Illustration of a next-generation water desalination membrane. Water molecules are shown in white and red and sodium and chlorine ions are shown in green and purple. Image appears courtesy of David Cohen-Tanugi via MIT News.
Scientists from MIT have designed a next-generation water desalination membrane that could greatly improve our ability to extract drinkable water from the sea.
Material scientists from the Massachusetts Institute of Technology (MIT) have designed a next-generation water desalination membrane that could greatly improve our ability to extract drinkable water from the sea.
The membrane is composed of a one-carbon atom thick sheet of graphene. Their research about this new form of nanotechnology was published on July 5, 2012 in the journal Nano Letters.Water scarcity is a growing problem in many parts of the world. Less than 1% of the world’s freshwater is accessible for human use. Most of the water on earth is seawater. Although desalination technology exists that can extract drinking water from seawater, it is energy intensive and costly to use.
David Cohen-Tanugi and Jeffrey Grossman are scientists from the Department of Materials Science and Engineering at MIT. They were interested in determining if graphene, a pure carbon substance, could be used for water desalination. Graphene is already being used in other technological applications such as DNA sequencing. However, its potential for use in water desalination is just beginning to be explored.Cohen-Tanugi and Grossman built a molecular computer model to examine how well graphene could purify seawater. Graphene is produced in a sheet of bonded carbon atoms that are arranged into a hexagonal, honeycomb-shaped structure. They found that with the correct pore size in the nanometer range, a graphene membrane could effectively filter out large salt molecules while allowing smaller water molecules to flow quickly through the pores. Because graphene membranes are much thinner than conventional membranes, their use in desalination plants would have the potential to greatly reduce the amount of energy needed for water purification.
Unfortunately, engineers have not yet found a way to punch holes in the graphene with the degree of precision that this new desalination technology would require. Hopefully, they will soon.
David Cohen-Tanugi, a PhD candidate at MIT and lead author of the study, commented on the study’s findings in a video interview with MIT News. He said:
The enhanced water permeability of nanoporous graphene could be an important advantage over existing water desalination technology. So while there is still a lot of work to be done on this topic, we are very encouraged by our existing results and we’re excited to see the role that nanoporous grapheme could play in the future of global water resources.
The research was funded by an MIT Energy Initiative and a John S. Hennessy Fellowship to David Cohen-Tanugi. This research was cited by the Smithsonian as one of the top five most surprising scientific milestones of 2012.

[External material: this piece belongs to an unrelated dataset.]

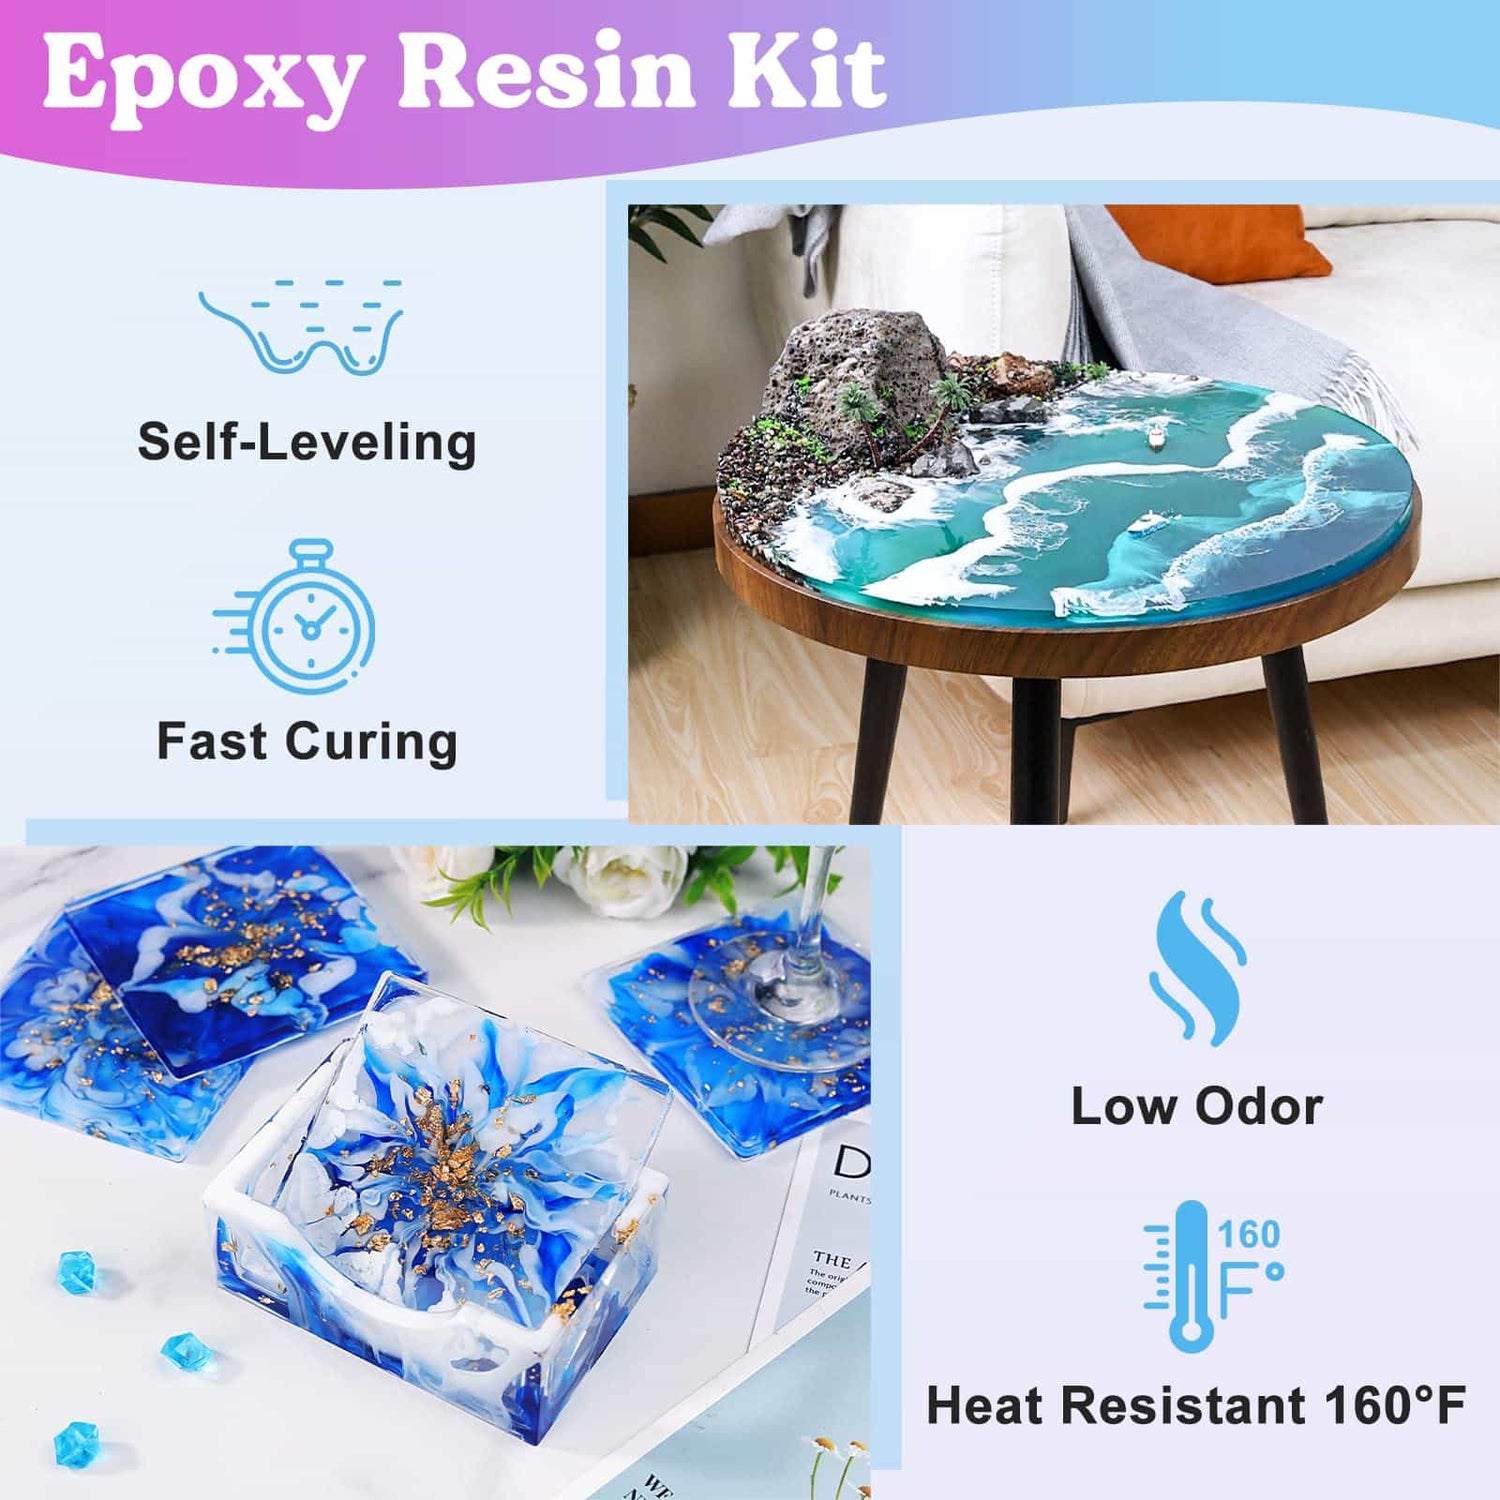 64 oz Epoxy Resin - Super Clear,Bubbles Free,Casting,Table Top – Let's Resin

Bottom line: Material scientists from the Massachusetts Institute of Technology (MIT) have designed a next-generation water desalination membrane that could greatly improve our ability to extract drinkable water from the sea. The membrane is composed of a one-carbon atom thick sheet of graphene. Their research about this new form of nanotechnology was published on July 5, 2012 in the journal Nano Letters.
Bridget Scanlon on groundwater depletion and solutions:
Heather Cooley on reasons for and against desalination
Amy Zander led a scientific assessment on turning salt water to fresh
Deanna Conners comes to EarthSky as an Environmental Scientist who holds a Ph.D. in Toxicology and a M.S. in Environmental Studies. Her interest in toxicology stems from having grown up near the Love Canal Superfund Site in Western New York. The aim of her current work is to provide high-quality scientific information to the public and decision makers and to build cross-disciplinary partnerships to help solve environmental problems. She writes about earth science and nature conservation for the EarthTrekker Blog, and views blogging as a valuable tool to help make science accessible to more people. In her free time Deanna enjoys getting outdoors to snowboard, surf and photograph the wonders of nature.
Bridget Scanlon and other scientists say we need to know where our water resources are, and what options society can leverage to use these resources most effectively.
Earth’s human population has reached 7 billion and is still climbing. Scientists say the depletion of groundwater around the world is a serious issue. They say we need to know where our water resources are, and what options society can leverage to use these resources most effectively. Bridget Scanlon is a Senior Research Scientist at the Bureau of Economic Geology at the University of Texas at Austin. Her research team works to assess water resources and offer sustainable solutions. She spoke with EarthSky’s Jorge Salazar. This interview is part of a series, made possible in part by the Bureau of Economic Geology at the University of Texas at Austin.Will we have enough water for 9 billion people, projected by the year 2050?
I think we’ll have enough water for that population.
But you say there’s a hidden cost of water in everything we use and consume. Tell us about that.
That’s right. When you ask them how much water they use, a lot of people think of the household usage for laundry and showering and things like that. But our food choices involve a lot more water.
What do you mean?
People may have heard of the carbon footprint. Similarly there’s a water footprint. The water footprint represents how much water is required to produce whatever product we’re talking about. It could be a car, or a steak or whatever. It represents the amount of virtual water that’s embodied in that product.
The highest water footprint is for beef, followed by other types of meats. The lowest is for vegetables and some fruits. A kilogram of steak would represent about 15,000 liters of water, a cup of tea, maybe 35 liters.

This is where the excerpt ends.